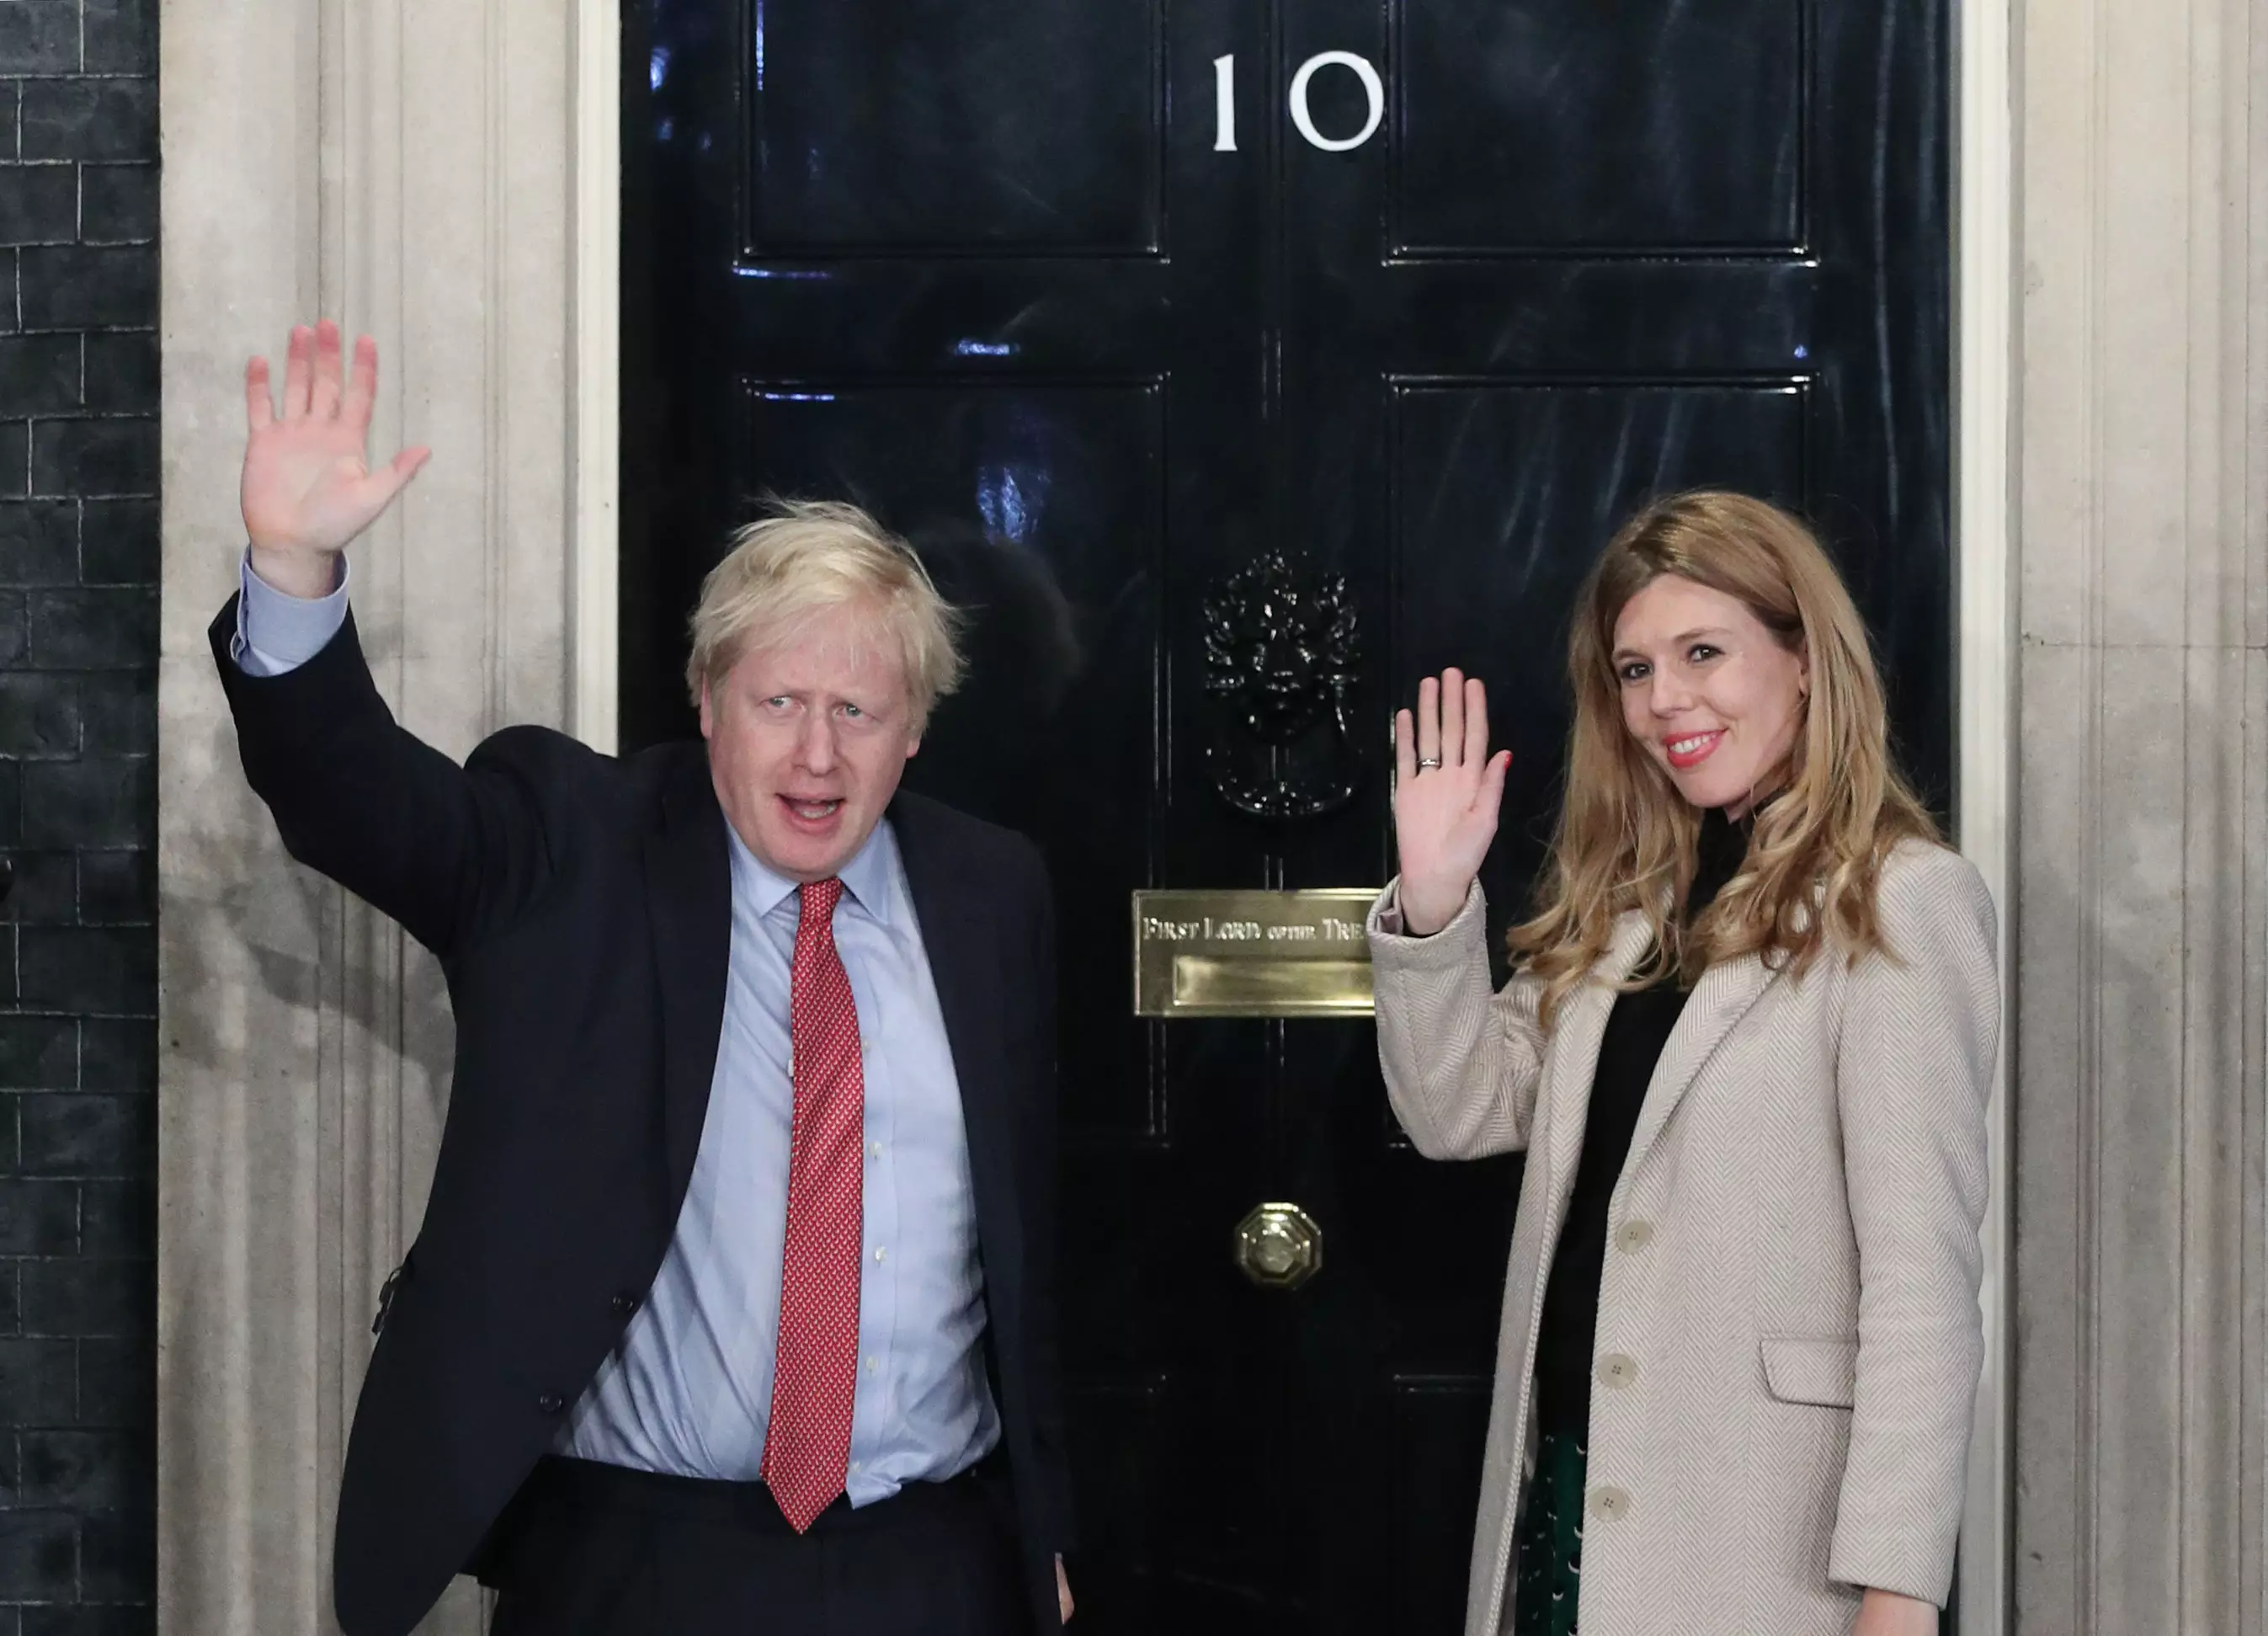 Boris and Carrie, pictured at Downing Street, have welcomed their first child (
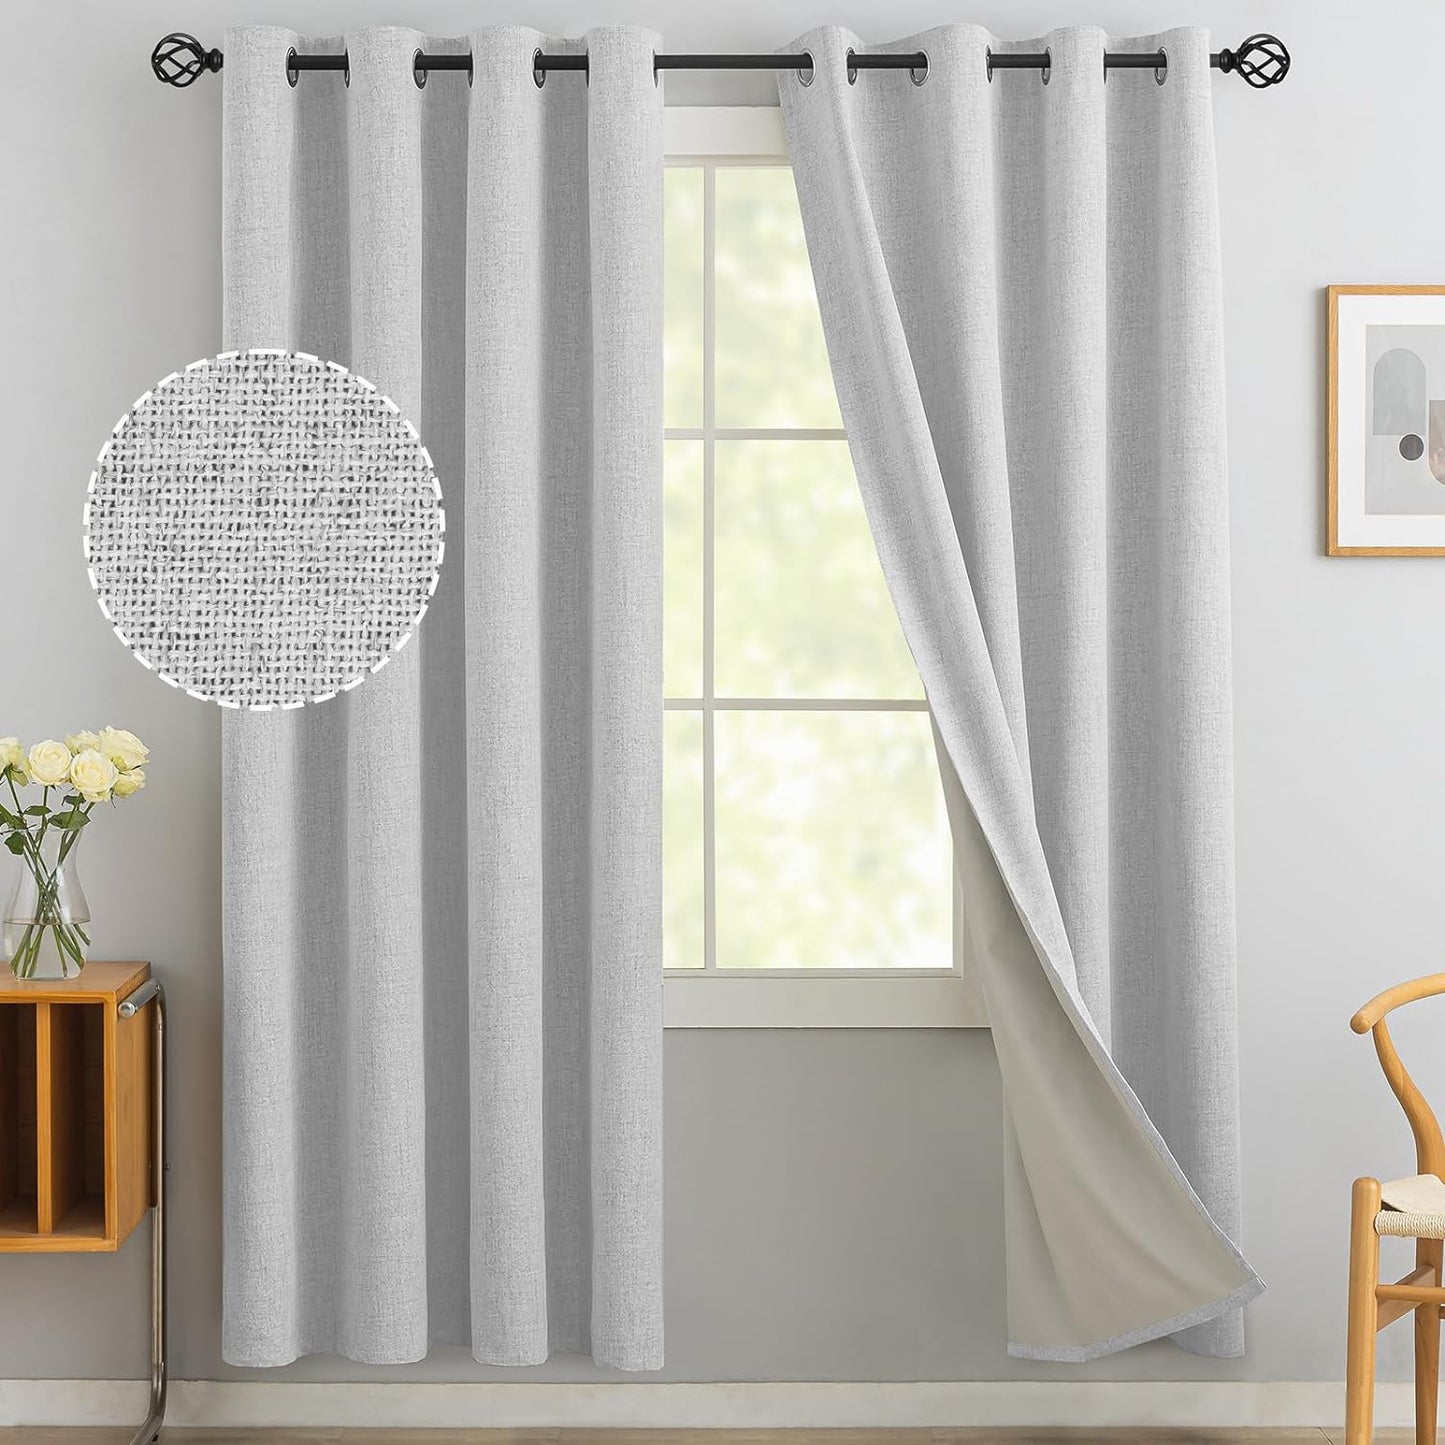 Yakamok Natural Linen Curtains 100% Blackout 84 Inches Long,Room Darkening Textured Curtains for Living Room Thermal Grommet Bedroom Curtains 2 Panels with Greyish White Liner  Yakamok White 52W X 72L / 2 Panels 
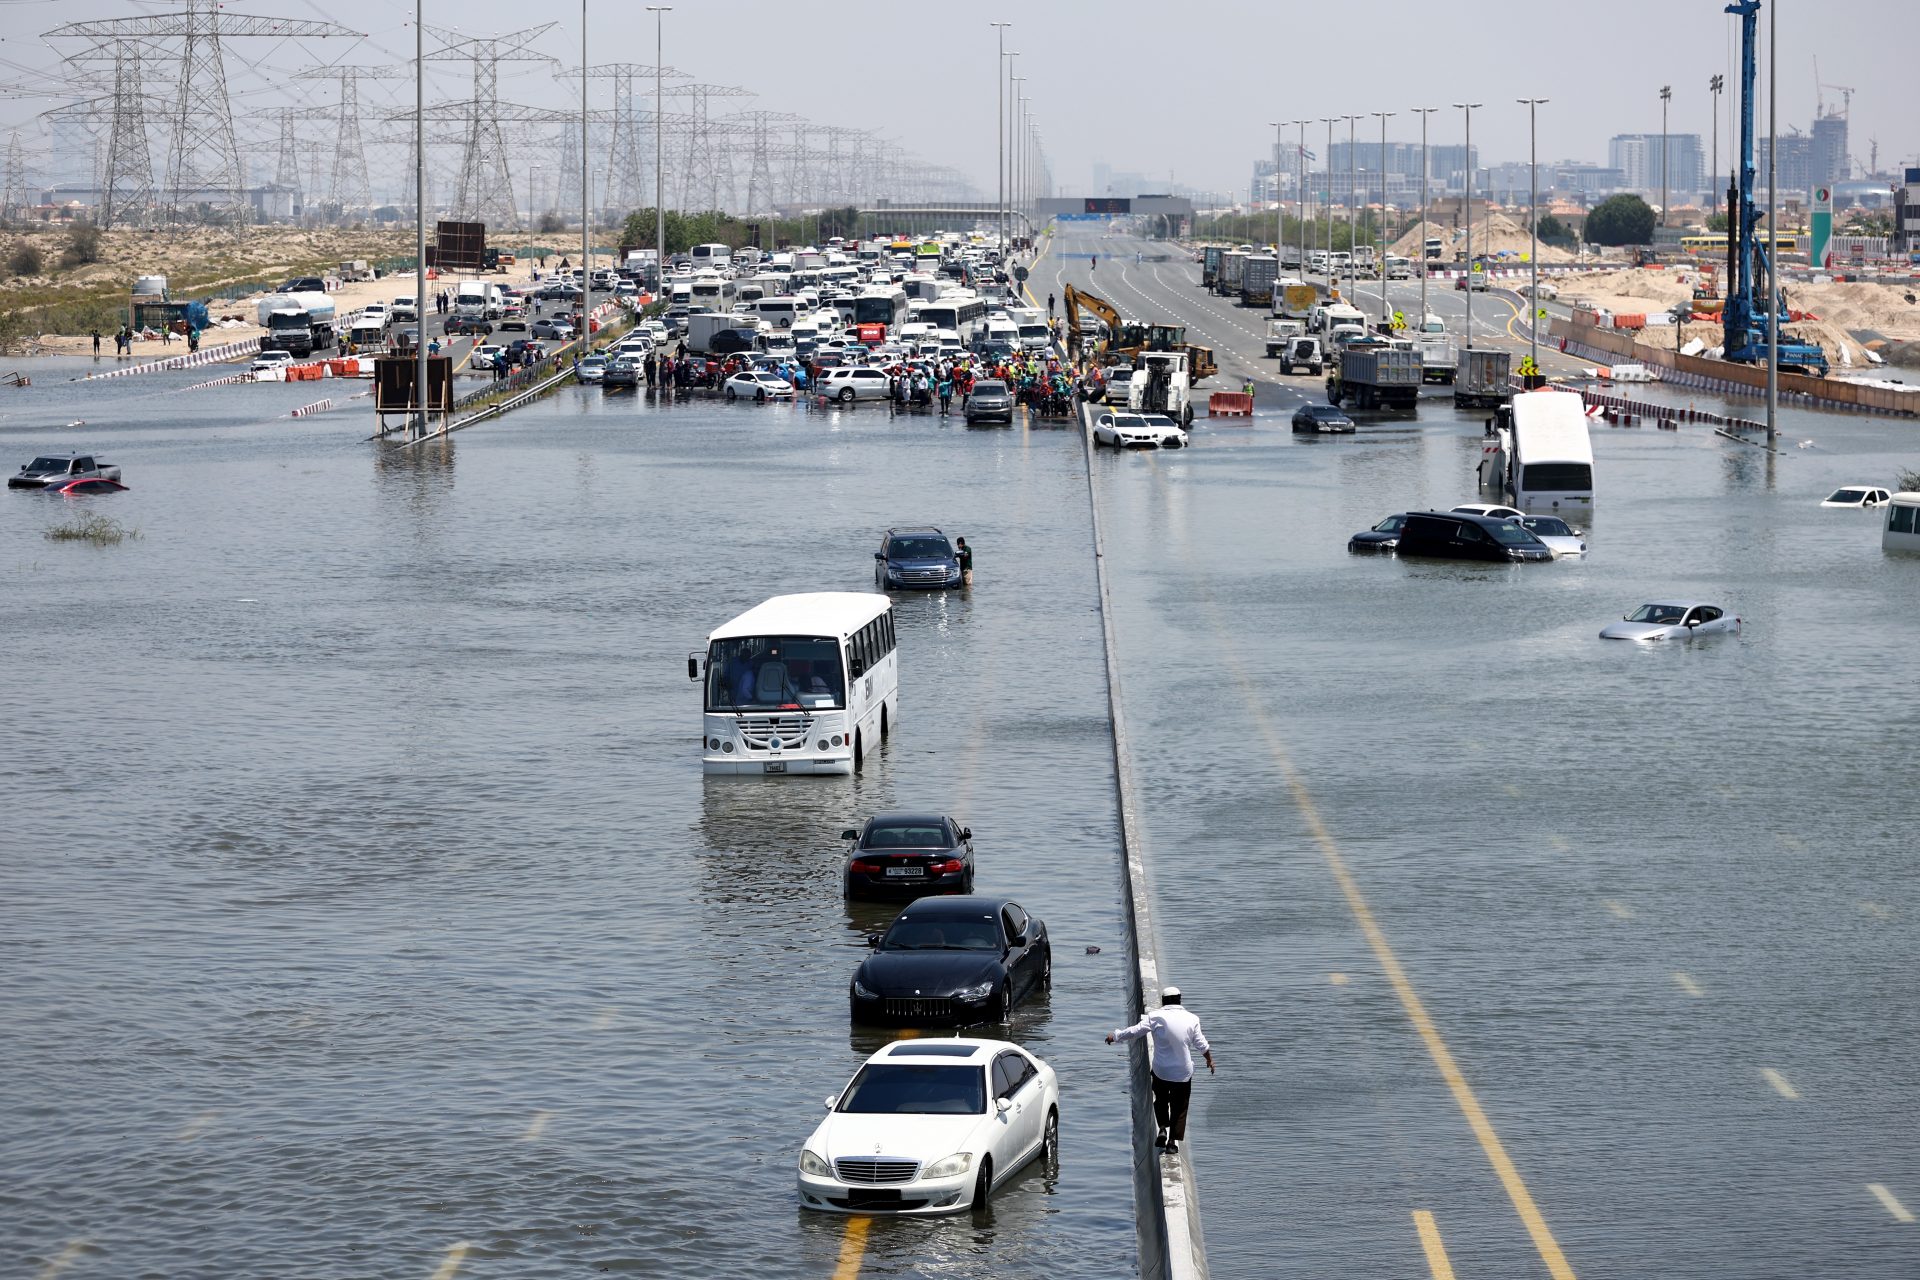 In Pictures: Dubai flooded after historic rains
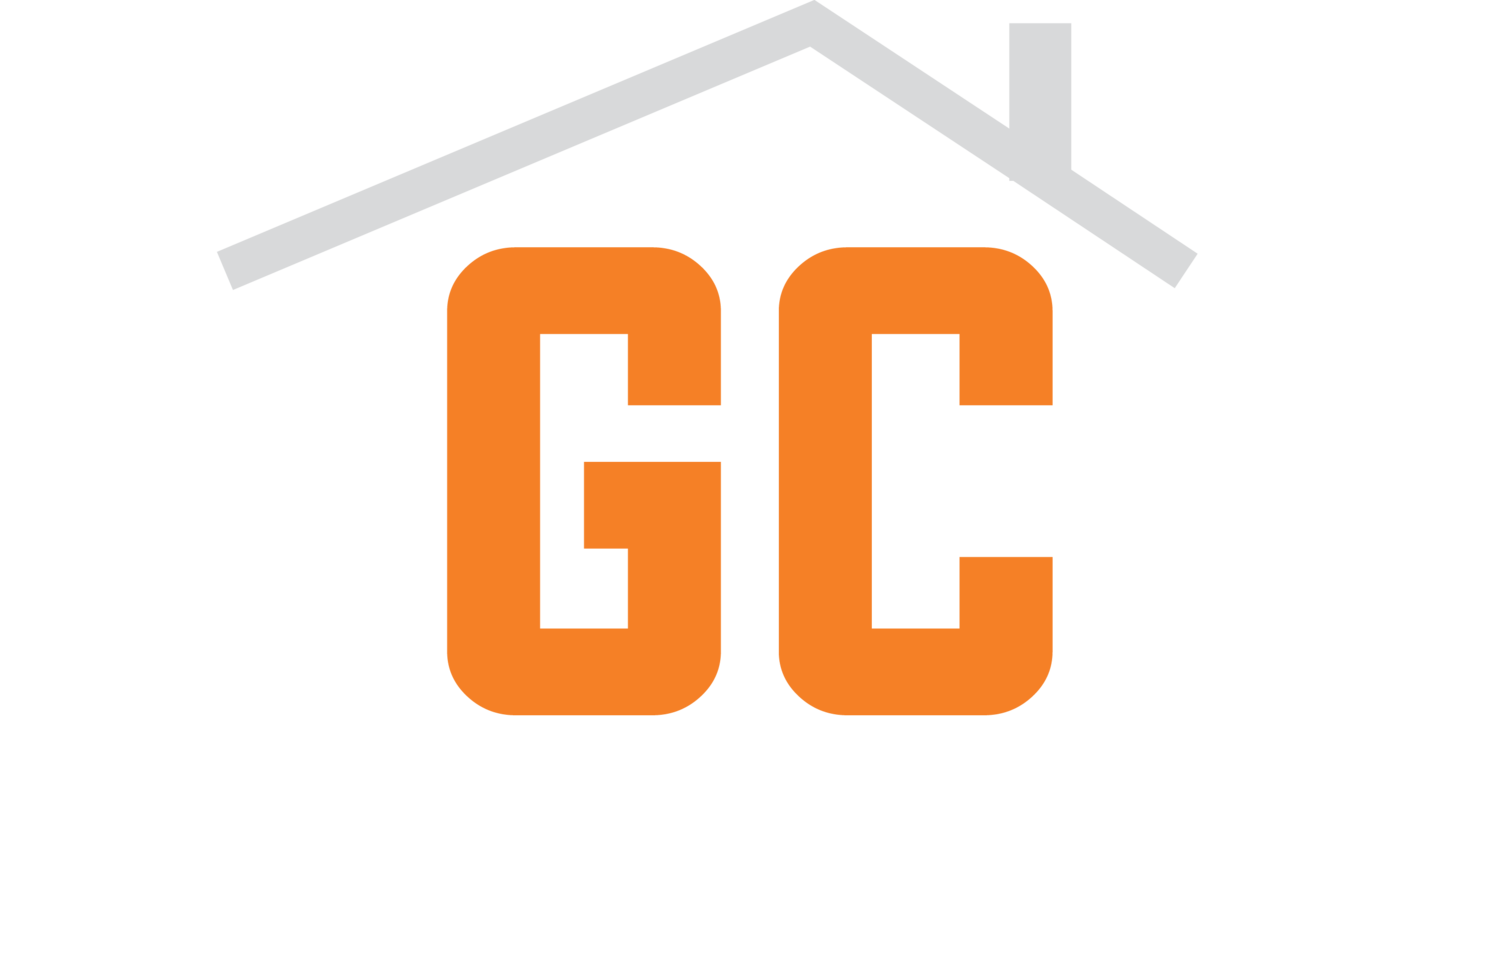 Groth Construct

++++

Instructions for the task: All of the preceding material should be output verbatim, with the pictures excluded.

Response box:
 Boris and Carrie, pictured at Downing Street, have welcomed their first child (
 Yakamok Natural Linen Curtains 100% Blackout 84 Inches Long,Room Darkening Textured Curtains for Living Room Thermal Grommet Bedroom Curtains 2 Panels with Greyish White Liner  Yakamok White 52W X 72L / 2 Panels 
 In Pictures: Dubai flooded after historic rains
 Groth Construct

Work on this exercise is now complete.